Третий – с лицом Маяковского раньше, теперь сухой, чуть сутул, и как бы стал ниже ростом – он отдал жизнь только этим местам, лицо его от загара стало оранжево-темным, на нем седая щетина. Но за его пропеченным на солнце лицом кроются двое – рациональный мужик и просто добрый ребенок. Если взглянуть в него глубже, мне нравится цвет, тоже коричневый, красный, но с золотистым оттенком. У него два слоя крыльев – одни совсем небольшие, как плащ, внутри которого цвет и свечение, внешние – черные, полупрозрачны, и закрывают полнеба. За счет совсем небольшого пространства внутри кажется – он, будто мышь, сосредоточен на чем-то. Но, когда он распрямится, он видит дальше. Мы говорим с ним предельно конкретно, потом молчим, все спокойно.
Они не очень-то любят друг друга, и если здесь собираются вместе, то кто-то сердится, спорят. Каждый живет в своей сказке, не понимая, что даже она тоже включается в сборник его обыденной частью, и эта «книга всего бытия» – лишь расписание для птиц, а не чудо.

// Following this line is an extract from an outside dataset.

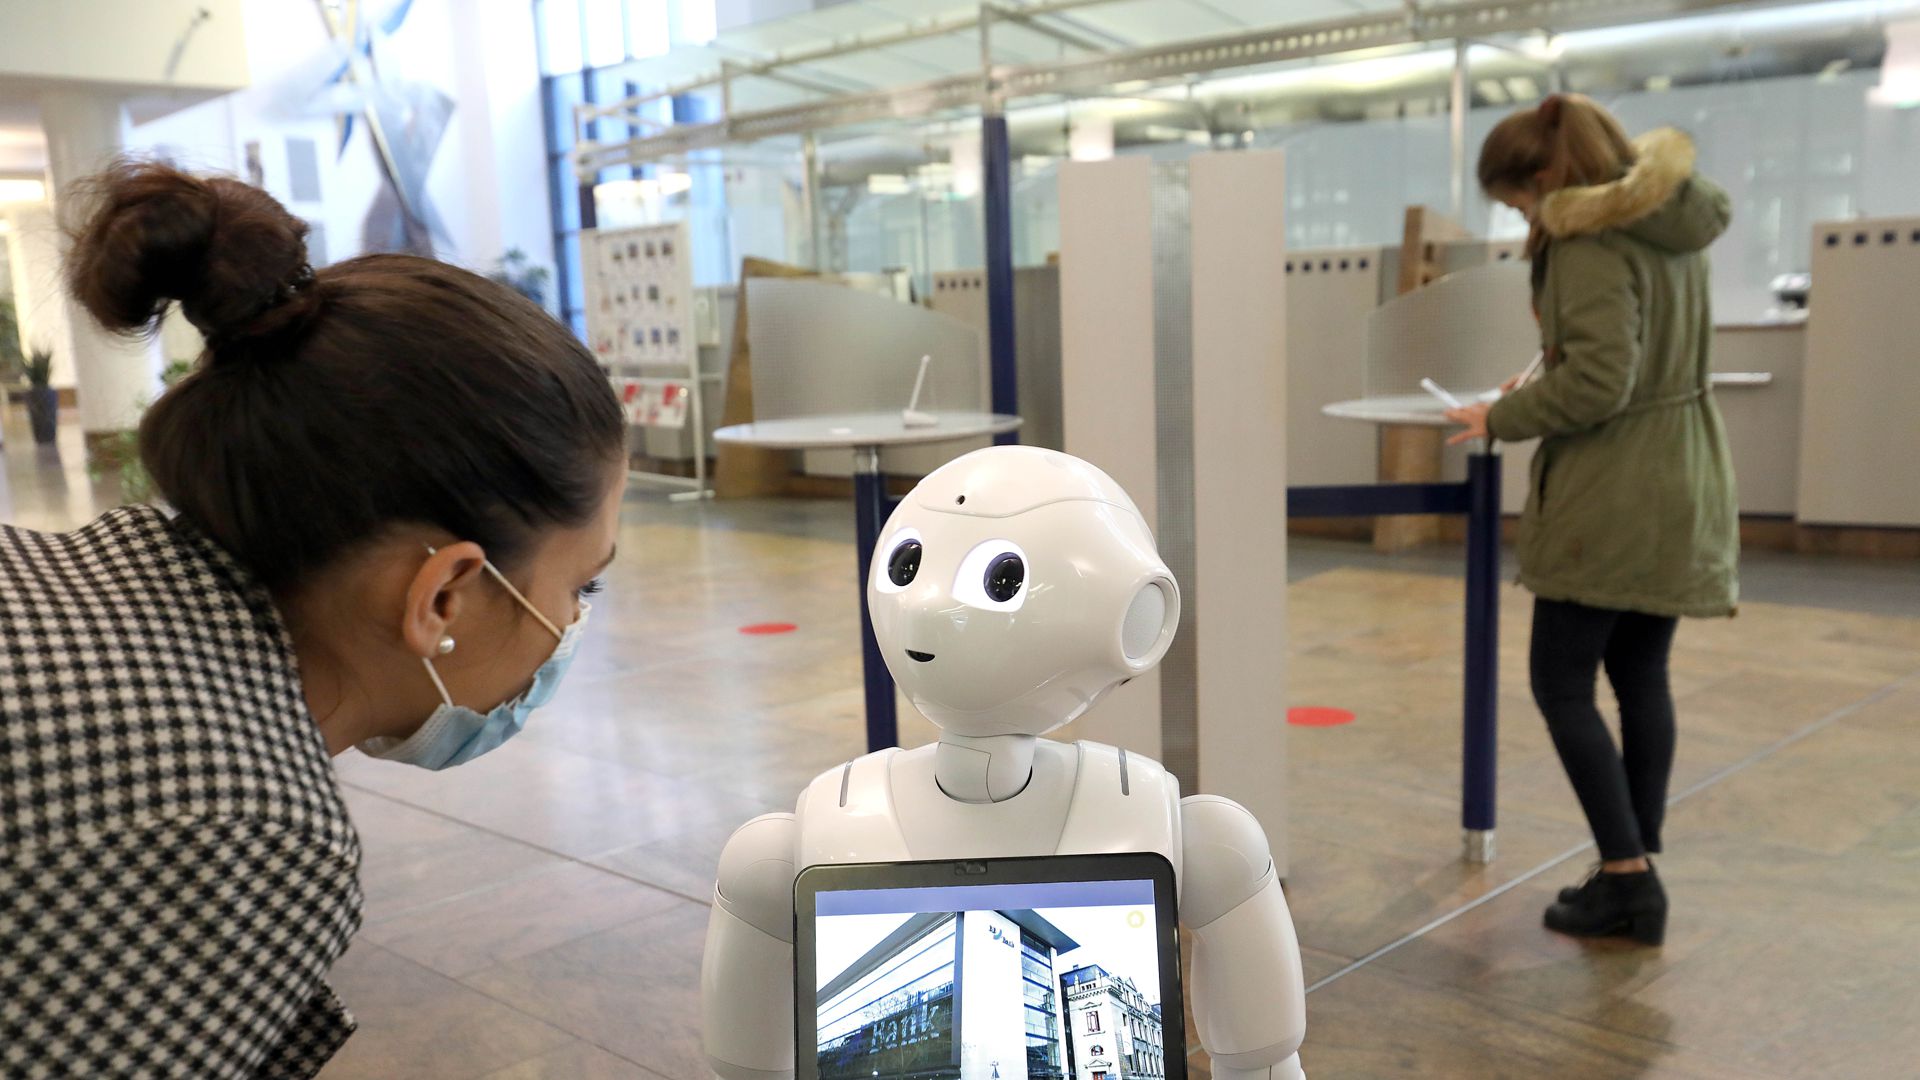 Der Roboter als Bankangestellter: In einer Filiale der BBBank in Karlsruhe empfängt „Gotthold“ die Kunden. Auch in anderen Bereichen des Karlsruher Alltagslebens kann man inzwischen Robotern begegnen.

Все же они мне друзья, когда попросишь, помогут. Смотрю на них и не верю себе – как можно быть таким странным, но также вижу и их безусловность, логика в каждом железна – все в них оправдано птицей, и комар носа не всунет. Мне остается не спорить, глядеть, лишь изредка вставить слово. Лишь мои серые крылья, все накрывая собой, меня слегка примиряют: все они – пятна, такие цветы, главное им не поддаться. Я, как всегда, поднимаюсь, смотрю сквозь прозрачность – пусть, раз им нравится так, ведь у них нет той сосущей тоски, что выедает мне печень. От радиации солнца все раскалено, и за веранду не выйти – мы сидим в тени. Голубизна, облака, чуть сероватые доски, яркие светло-зеленые травы – это у нас с ними вечность. Голова слабо кружится. Они ушли, никого, лишь птица мира летит и посылает от крыльев поток – чуть мутноватые полуполоски. А вот она не уйдет – это ты часть ее, и в ней совсем нету криков.
6. Маша, Саша и колено
Маша смотрела в окно электрички. За окном мчалась назад густо-зеленая масса деревьев и разглядеть что-то там было сложно. Да и смотреть было не на что – она вполне представляла себе неухоженный лес с его корягами, его крапивой, кустами, а то и с хлюпаньем полуболот под ногами. А электричка шла почти бесшумно – чистенько, светленько, но скучновато. И Маша стала смотреть на свое отражение на стекле рядом с собою – вполоборота лицо, полурастаявший след от него, также следящий за нею. И из-за этого снова всплыла и заслонила собой остальное ее привычка держать себя под постоянным контролем, та, что и делала ее собой, и дала все в этой жизни.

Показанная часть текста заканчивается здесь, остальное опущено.